まず、今回のカヴァー集を作った2003年ころ、僕は何をしていたかです。この時まだ「エマソロ」という言葉はありませんでした。これ以前にもエマーソン北村名義の一人録音音源はいくつかあるのですが、自分で曲を書き、制作からライブまでひとつの意思をもって進めるという意味での「ソロ活動」は、この時点では行っていませんでした。
「ミュージシャン」としてのエマーソン北村にはふたつの活動があって、ひとつは「エマソロ」やコラボ、つまり曲作りからリリースまで関わって進めるいわゆるアーティスト活動。それから、他の方の曲にキーボードで参加したりアレンジやプロデュースをする、通常の意味でのミュージシャンとしての活動。僕にとっては、割く時間のバランスはその時によっていろいろでも、このふたつはどちらがメインということなく、あくまで両方で「エマーソン北村」の活動をなしていると思っています。

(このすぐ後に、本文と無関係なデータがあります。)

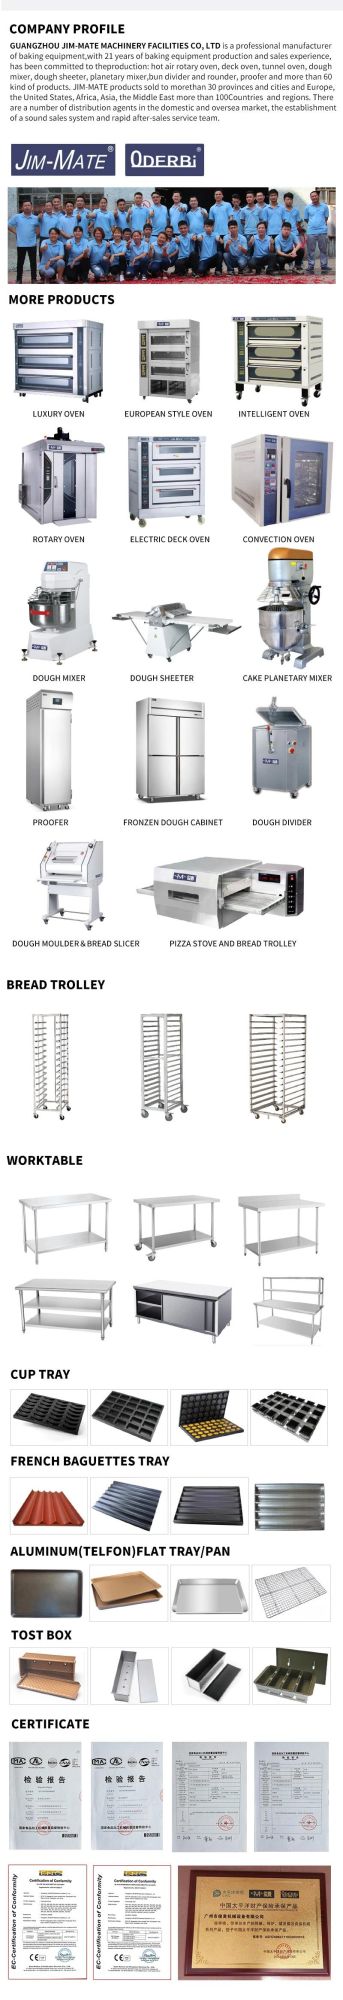 3 Decks 6 Trays Bakery Equipment Commercial Electric Deck Cake Bread Baking Pizza Oven
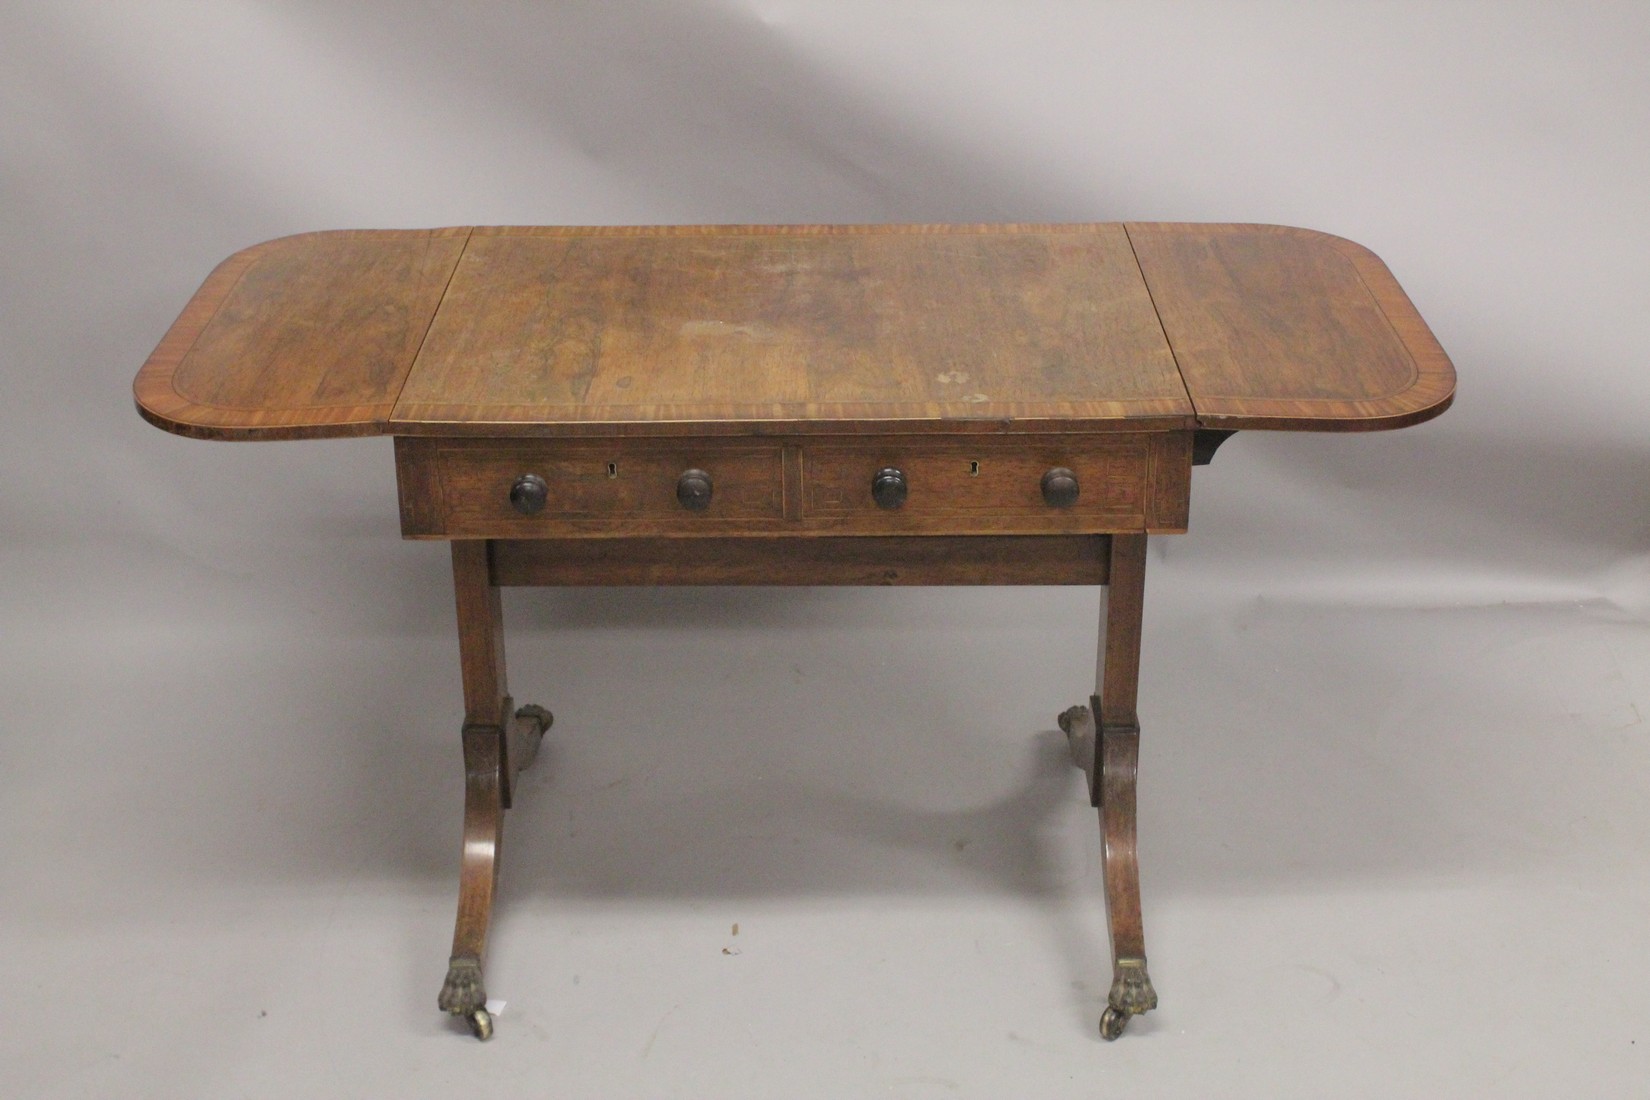 A REGENCY ROSEWOOD SOFA TABLE with folding flaps, on curving legs with casters. 4ft 4ins long - Image 4 of 4

COVERS 2003に収録された音源を作った2002~2003年頃は、今と比べれば他の方とセッションをする時間の方が圧倒的に多く、自分で曲を作るということもあまりなかったのですが、たまたま2002年に、後のエマソロにつながるような音楽の作り方と、他のアーティストの活動とが交差するようなできごとがありました。そのひとつは EGO-WRAPPIN’ のアルバム「Night Food」に、エゴのお二人と僕だけで演奏した「5月のクローバー」が収録されたこと。それから、UKのアーティストHERBERTのリミックスEPに(僕の場合はリミックスではなく再構築というか、要するにカヴァーですが)参加したことです。これらのトラックで僕は、今回のCOVERS 2003と同様、足鍵盤付きのオルガンとTR-808とで「一発録り」を行っています(そもそもなぜこのスタイルなのかということも、おいおい書きたいです)。

そんな流れが背景としてあって、翌2003年に「ソロ」の7インチを作ろうというお話が浮上してきました。次回はその、今回の収録トラックのオリジナルリリースである7インチについてです。

HERBERT “addiction” EP のステッカー。自分用の書き込みあり。